External funding for Vanderbilt research jumps to $286 million

NASHVILLE, Tenn. – The amount of external funding that Vanderbilt University researchers received last year from peer-reviewed contracts and grants jumped by a dramatic 31 percent to reach an all-time high of $285.8 million.

In fiscal year 2002, extramural funding at the Medical Center surged by 36 percent to a total of $211.9 million, making it the third fastest growing academic health center in the country in terms of funding from the federal National Institutes of Health. At the same time, support for research on the rest of the campus increased by 21 percent to a record $73.9 million.

Although external support of research at Vanderbilt has grown steadily in recent years, it had been doing so at significantly lower annual rates ranging from 2 to 9 percent.

“It was a very exciting year,” summed up John Childress, the acting director of the Division of Sponsored Research, which processes contract and grant applications for university central.

The reason for his excitement is spelled out in a series of tables, graphs and charts in the division’s recently released “Annual Report of Sponsored Research and Projects: Fiscal Year 2002.”

The graph showing the dollar value of contracts and grants for university central starts at $17.2 million in FY 1985. The line grows by fits and starts to about $50 million in FY 1999. Then, for the last three years, it has risen steadily to last year’s total of $73.9 million.

The Medical Center’s Office of Research issued a similar report earlier in the year that details record growth in funding for medical research from government agencies and other external sources.
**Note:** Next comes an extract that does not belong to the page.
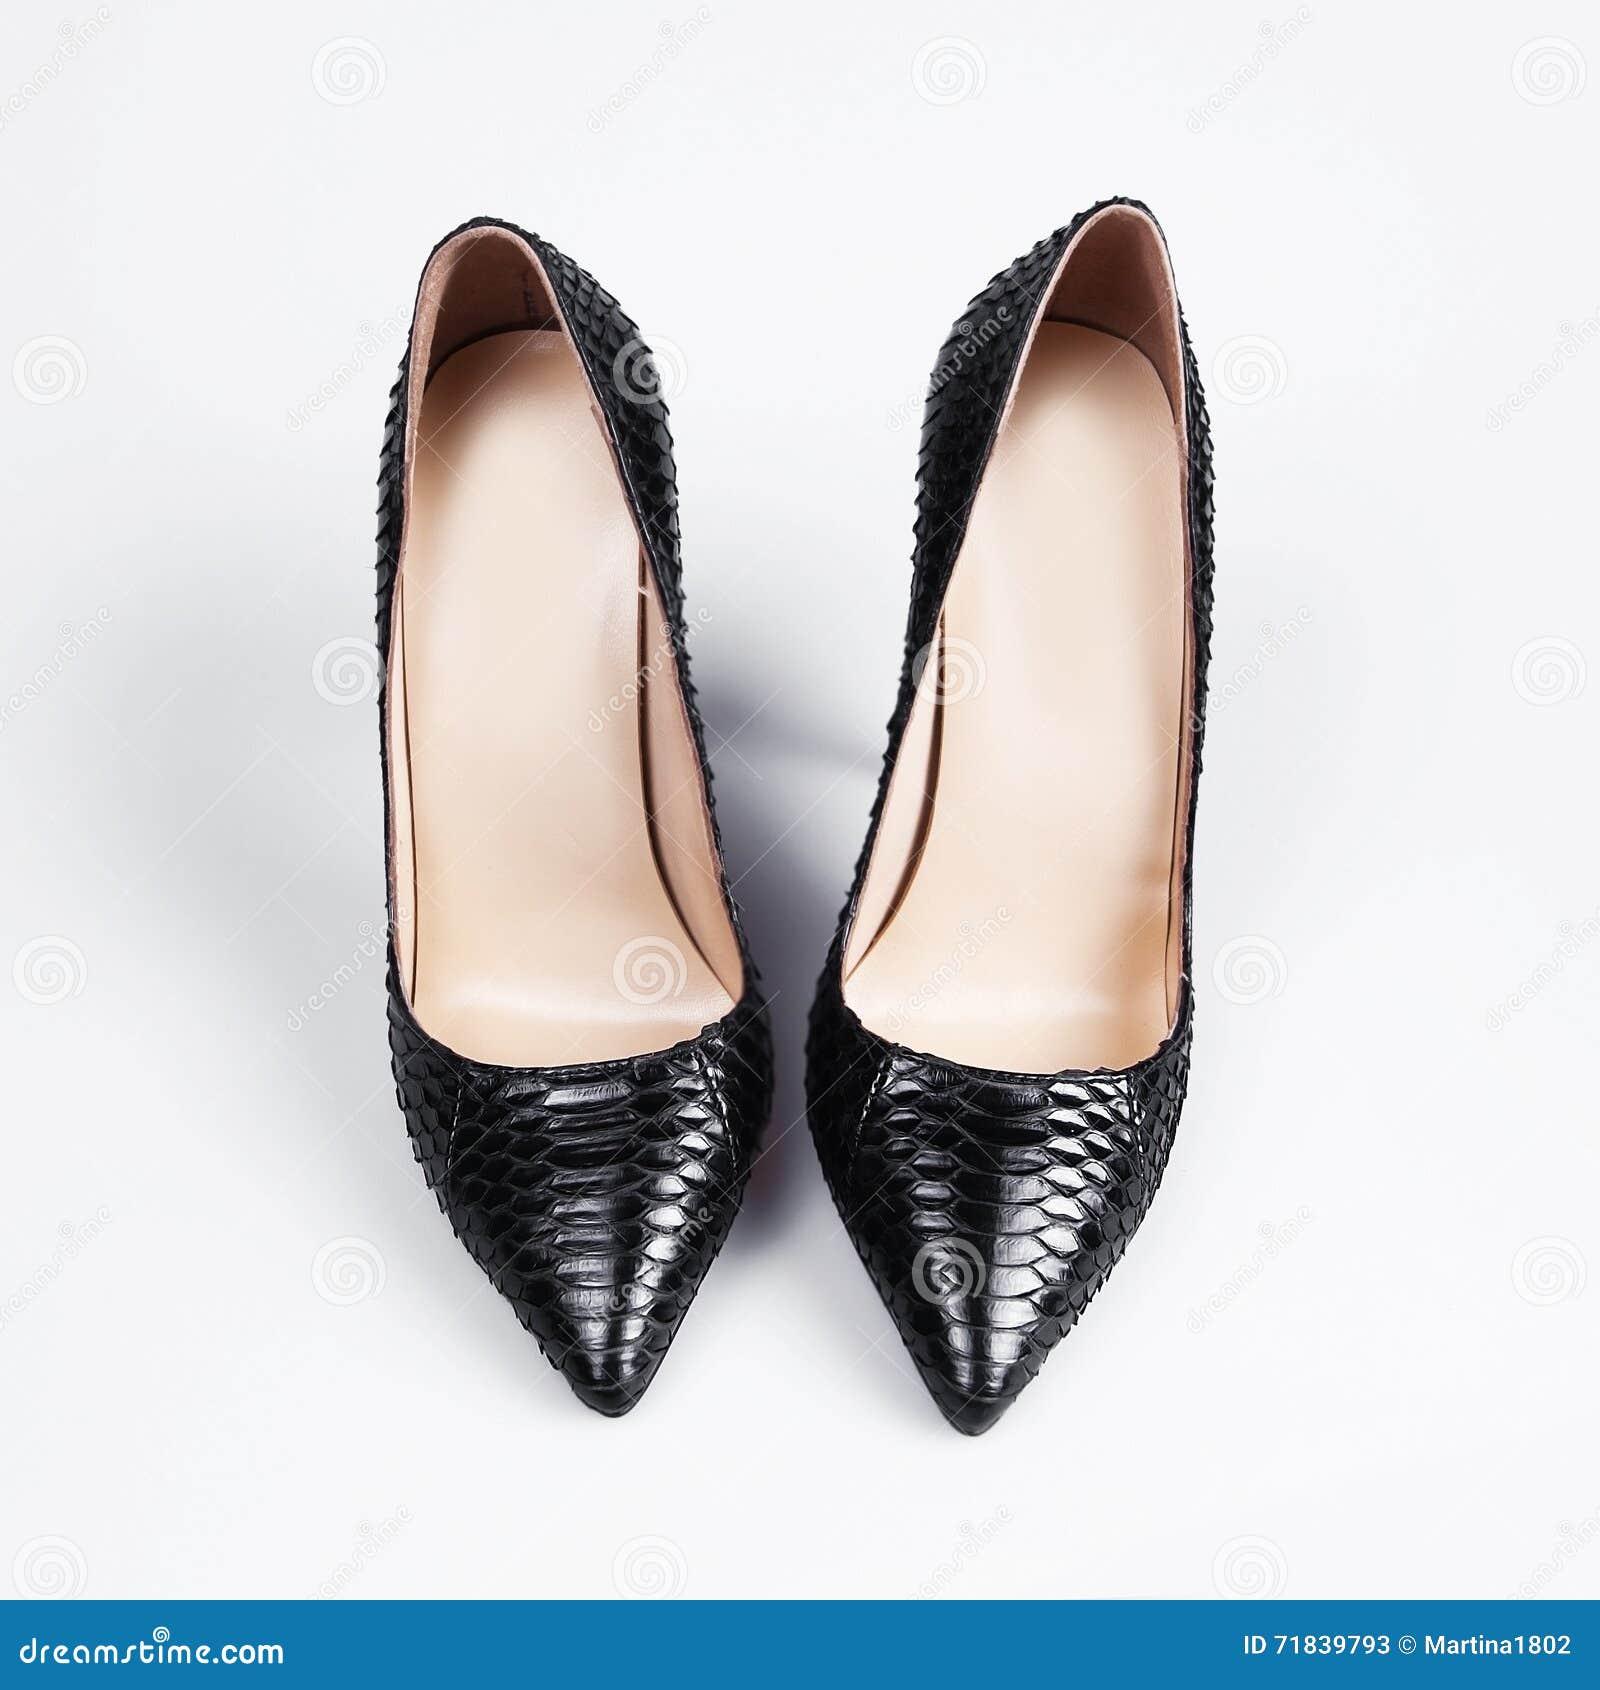 438d9449f55e Black High Heel Women Shoes On White Backgroun Stock Image - Image ...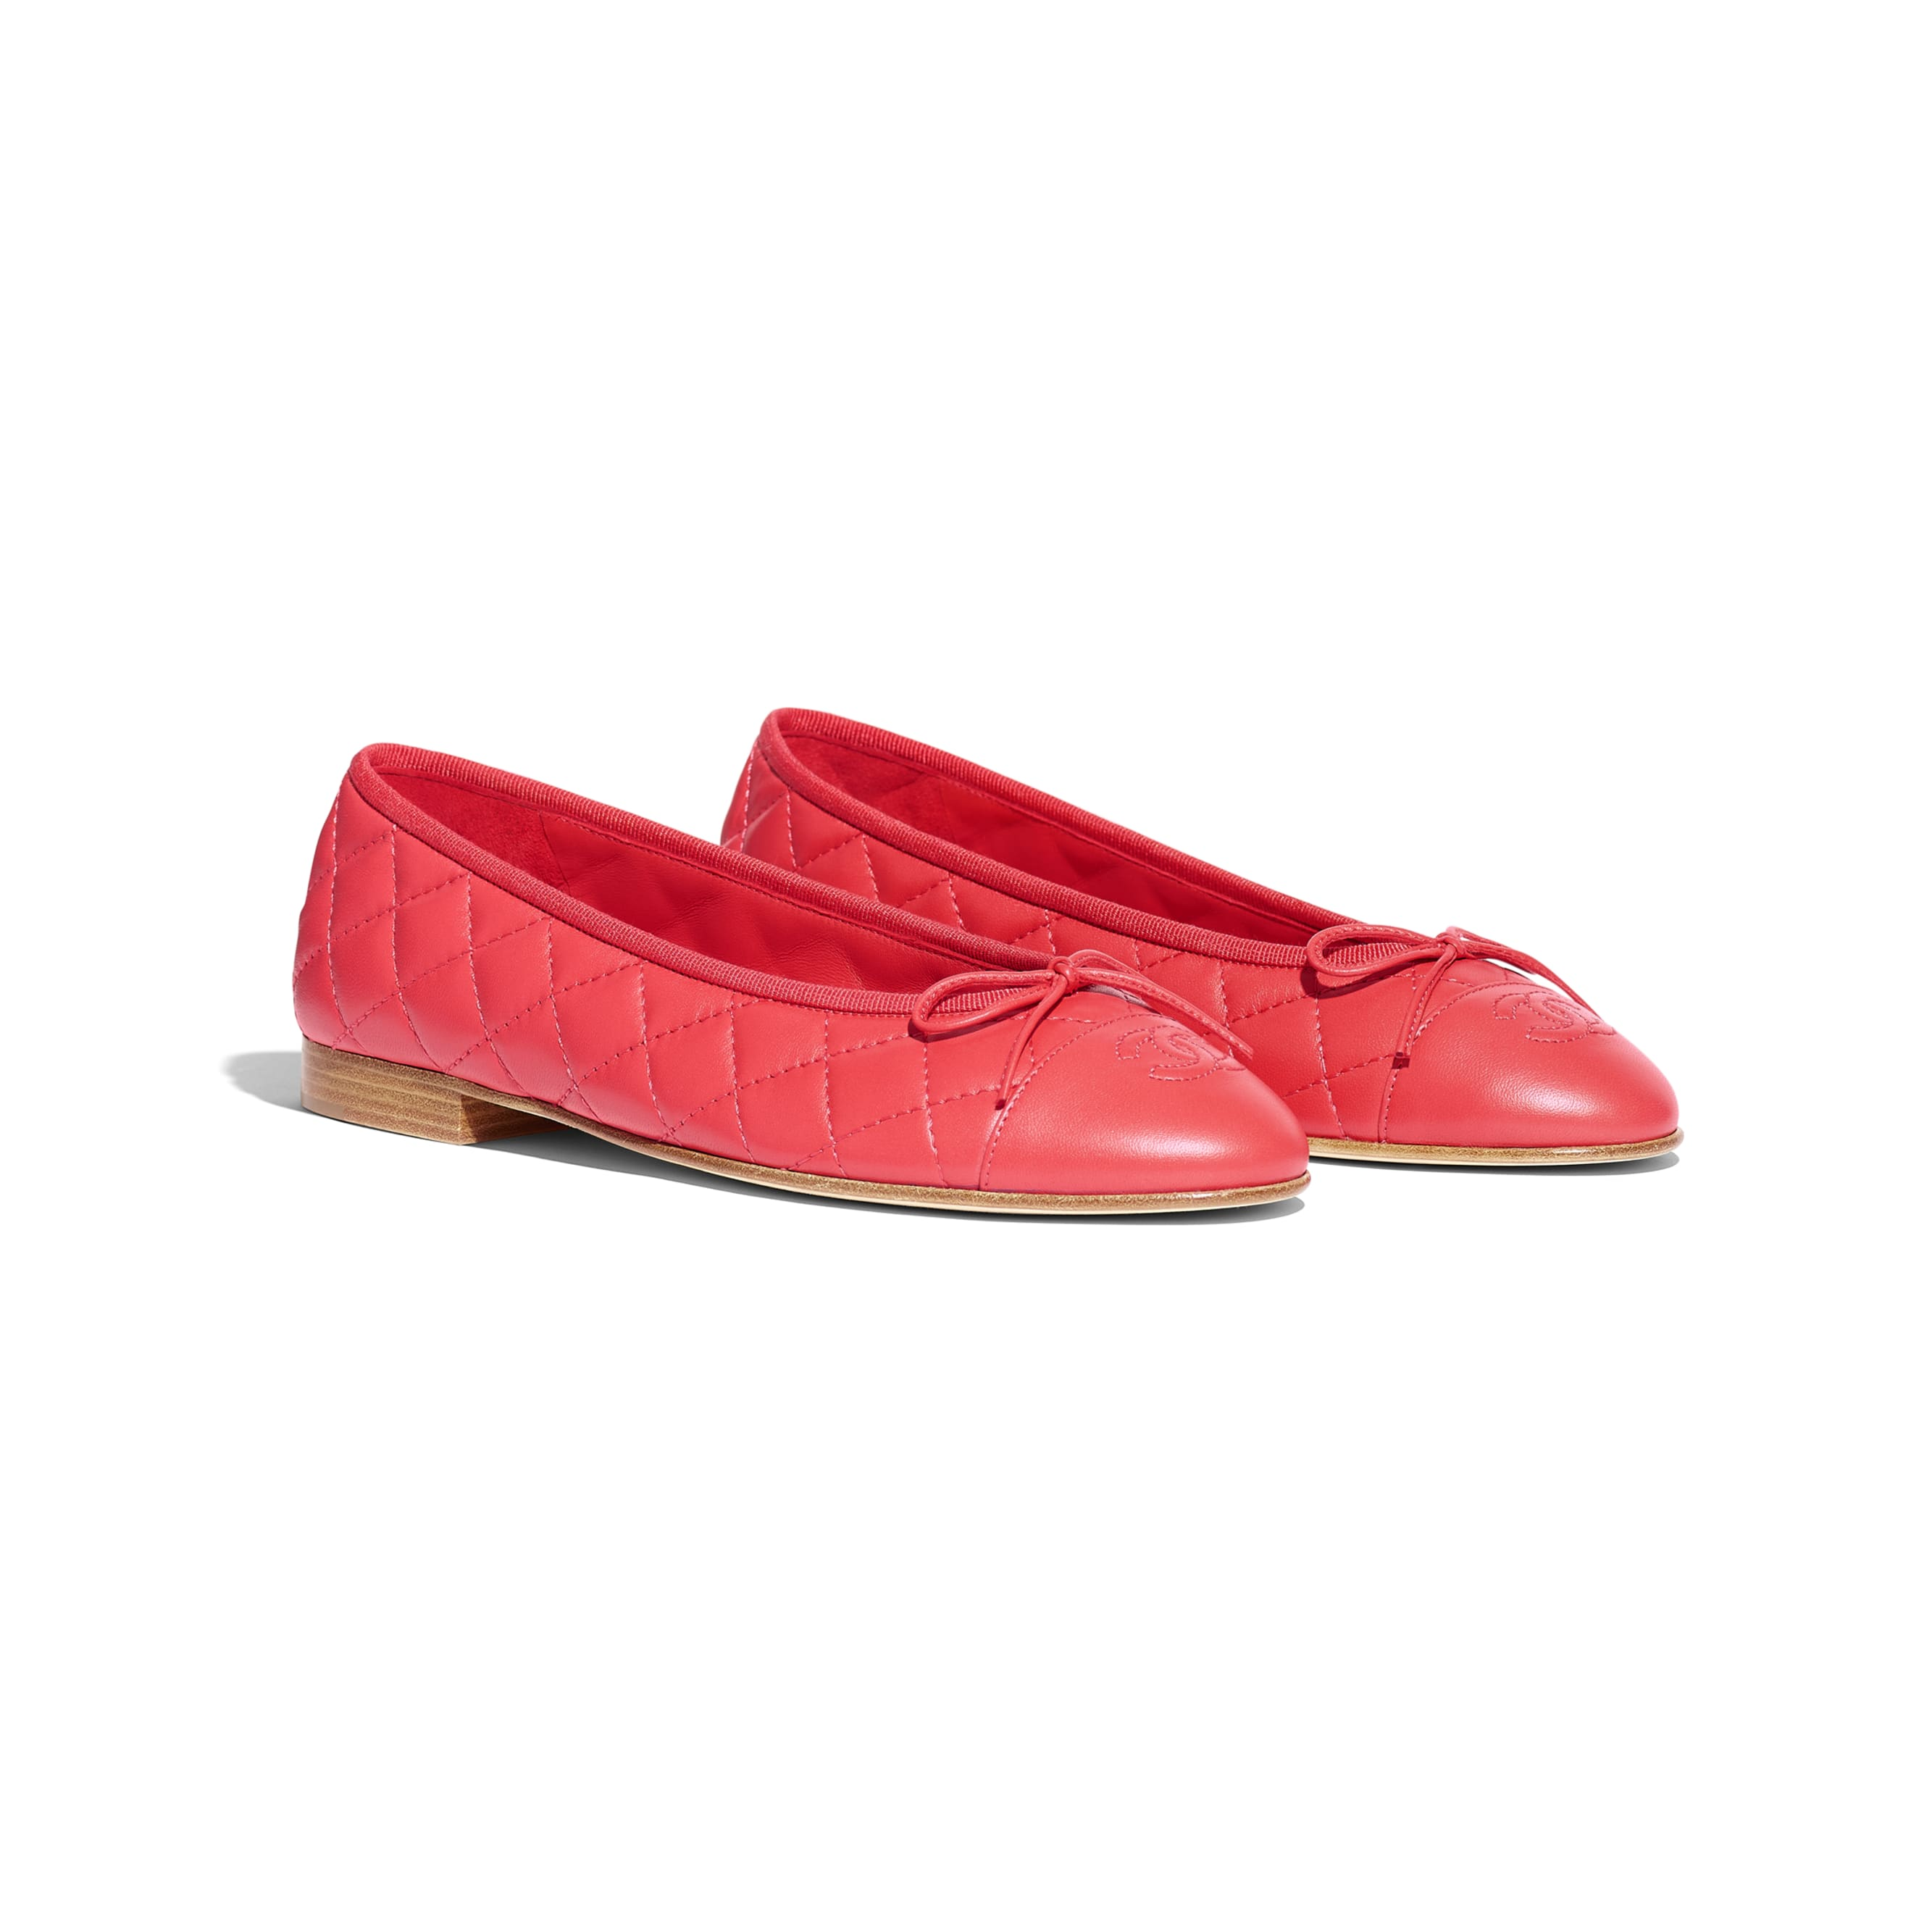 Ballerinas - Red - Lambskin - Alternative view - see standard sized version

According to its latest figures, external awards for research surged 36 percent over those in the previous fiscal year, which in turn was 9 percent higher than FY 2000.

“Generous increases in the budgets of the Public Health Service and National Institutes of Health provided by Congress have made this possible,” commented Lee Limbird, associate vice chancellor for research at the Medical Center.

“At the same time, our faculty has been more aggressive in seeking out funding opportunities. We are currently averaging an amazing ratio of 1.5 grants per faculty member,” she added. “In addition, much of our growth has come from our ability to put together impressive, multi-investigator research teams capable of tackling the tough, interdisciplinary research required to address an increasing number of important problems.”

One example of such successful, multi-investigator collaborations is a $3.1 million diabetes study headed by Professor of Molecular Physiology and Biophysics Mark Magnuson and Professor of Cell and Developmental Biology Chris Wright that is piecing together the development of the pancreas from a single cell to a functioning organ.

A $1.3 million project headed by David Bader, the Gladys Parkinson Stahlman Professor of Cardiovascular Research, which is investigating coronary vessel development, is an example of the Medical Center’s ongoing effort to assemble research teams that combine basic researchers with clinicians in “bench to bedside” projects designed to apply the latest research results to improve patient care.

The 21 percent increase in competitive research awards on the rest of the campus “is very impressive, but not unexpected,” Childress said. “It is the result of the efforts of exceptional new faculty hires complementing the activity of the highly productive group of existing researchers.”

Among the highlights for the year in university central was the meteoritic rise of funding in psychology. It has nearly doubled from $3.1 million in FY 1999 to $6.1 million last year. The School of Engineering has posted similar increases, rising from $10.9 million in FY 1999 to $19.3 million in FY 2002. Peabody College also had an exceptionally strong year, shooting up to $19.4 million in FY 2002 from levels hovering around $15 million.